它不是物理层面的巨响,而是无数个声音被强行压缩进耳膜的尖啸。
“越越,妈妈好疼……”
“林越!抓住我的手!”
“老板,这炸药劲儿大……”
母亲临终前的呢喃、苏婉共感时的哀嚎、赵骁坠落前的笑声、老刀的骚话……这些声音被放大了几百倍,像无数根烧红的钢针,直接顺着听神经捅进了林越的大脑皮层。
林越咬紧牙关,太阳穴突突直跳。
这种精神攻击比物理伤害更恶心,它不想要你的命,它想要你疯。
他颤抖着手,从口袋里摸出那把断誓巫医给的骨刀,上面还残留着一些灰白色的粉末——悔恨之灰。
他没有丝毫犹豫,直接将骨刀的刀刃贴在自己的手腕上,用力一划。
鲜血涌出,但他没有止血,而是用手指沾着那混杂了悔恨之灰的血液,狠狠地涂抹在自己的太阳穴和耳后。
“想吵架?行,我把自己频道关了。

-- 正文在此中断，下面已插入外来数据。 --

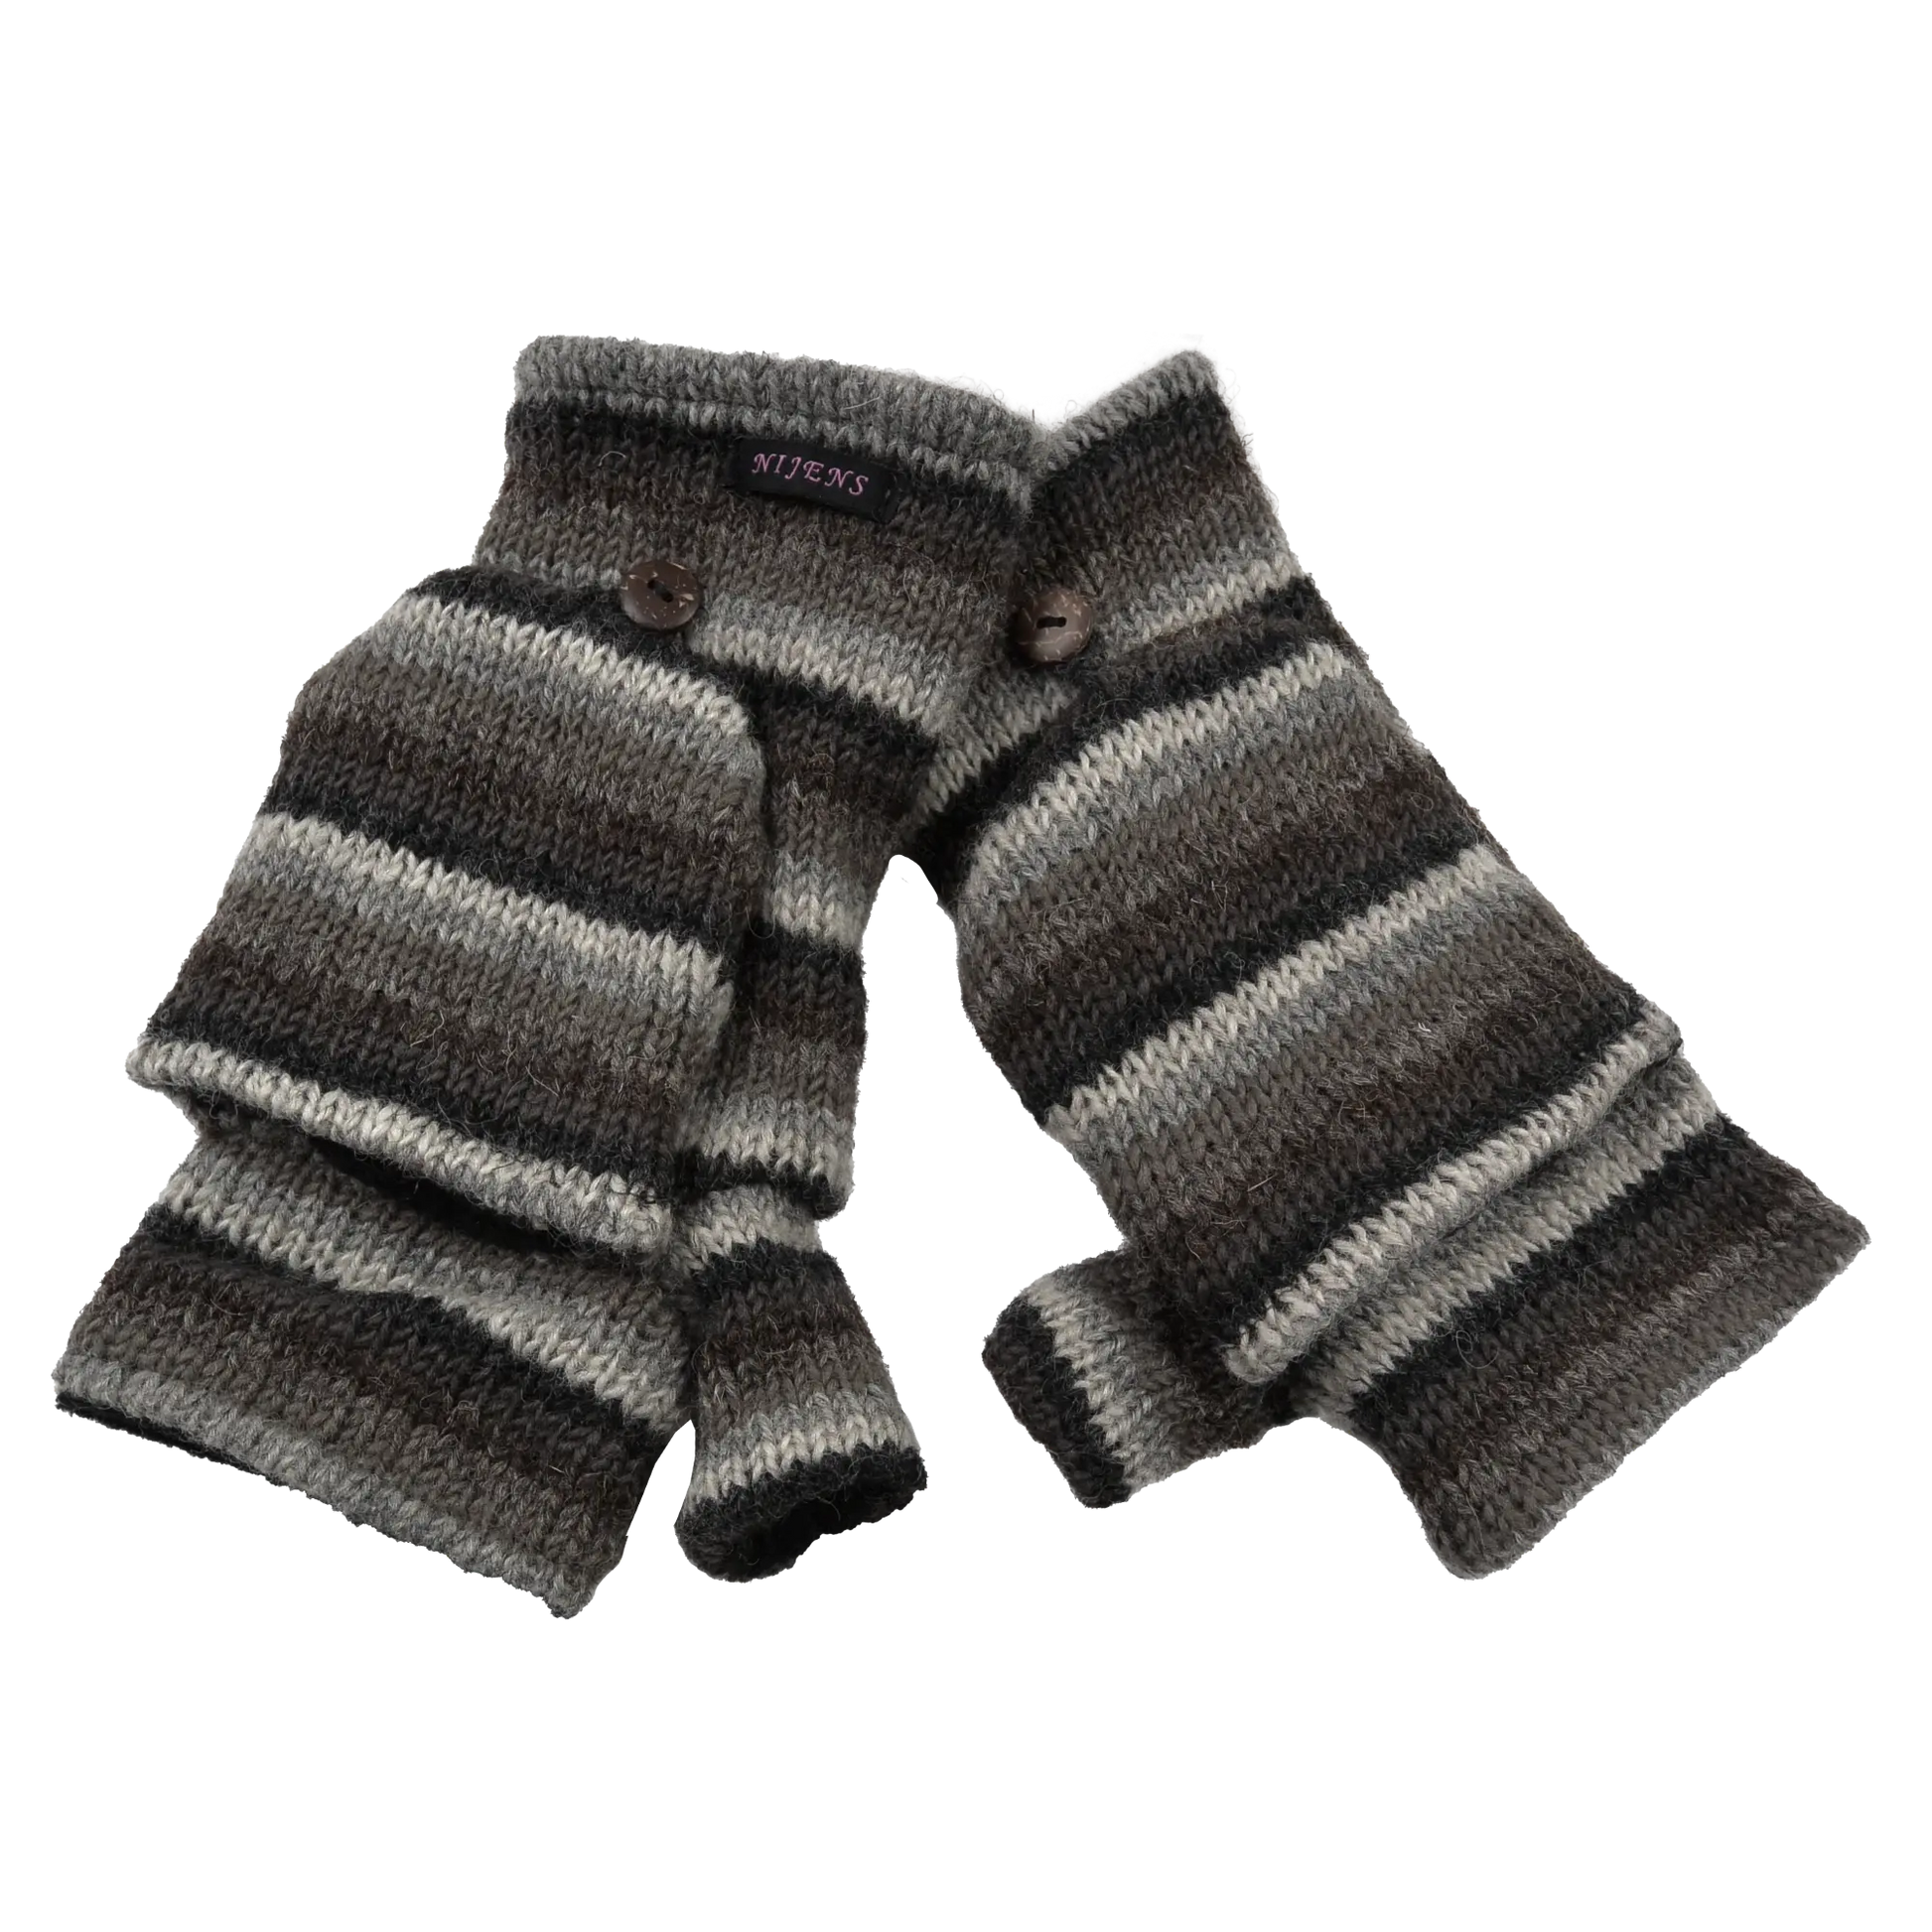 Fingerfreie Handschuhe aus Wolle gestreift in Braun, Grautöne, welche sich mit einer Fingerkappe zu Fäustlingen umwandeln lassen.

”
灰白色的粉末接触到皮肤,瞬间带来一阵类似液氮冻结般的剧痛,但这股剧痛却像是一道防火墙,硬生生地将那些嘈杂的幻听隔绝在了意识之外。
当第二次“眨眼”的前兆——那种空气被压缩的低频震动再次传来时,林越动了。
他将剩余的悔恨之灰全部倒在伤口处,任由血液将其冲刷,然后猛地挥手,将这混合了“悔恨”与“痛苦”的液体,泼洒在了脚下那片淡黄色的肉质地面上。
滋啦——
像是热油泼进了雪地,原本平整的肉质层开始剧烈沸腾、收缩,一条隐藏在粉色神经束下的灰白色通道显露出来。
那是神尸神经系统中的“绝对不应期”——也就是俗称的冷区盲道。
“路这种东西,果然还是得靠血来泼。”
林越冷笑一声,身形如电,在那条稍纵即逝的通道闭合前冲了进去。
通道两侧,无数灰色的影子在扭曲蠕动。
那是变异后的回声替身。
“我想当神!我要这世界臣服!”一个长着林越脸孔的影子突然扑过来,面目狰狞地咆哮。
“我要杀光所有人,一个不留!”另一个影子挥舞着虚幻的刀刃。
林越侧身避开,连看都懒得看一眼。
“这台词编得太烂了。”他一边狂奔一边吐槽,“我想当神?我现在只想找个地方吃碗加蛋的牛肉面。至于杀光所有人?太累,没那闲工夫。”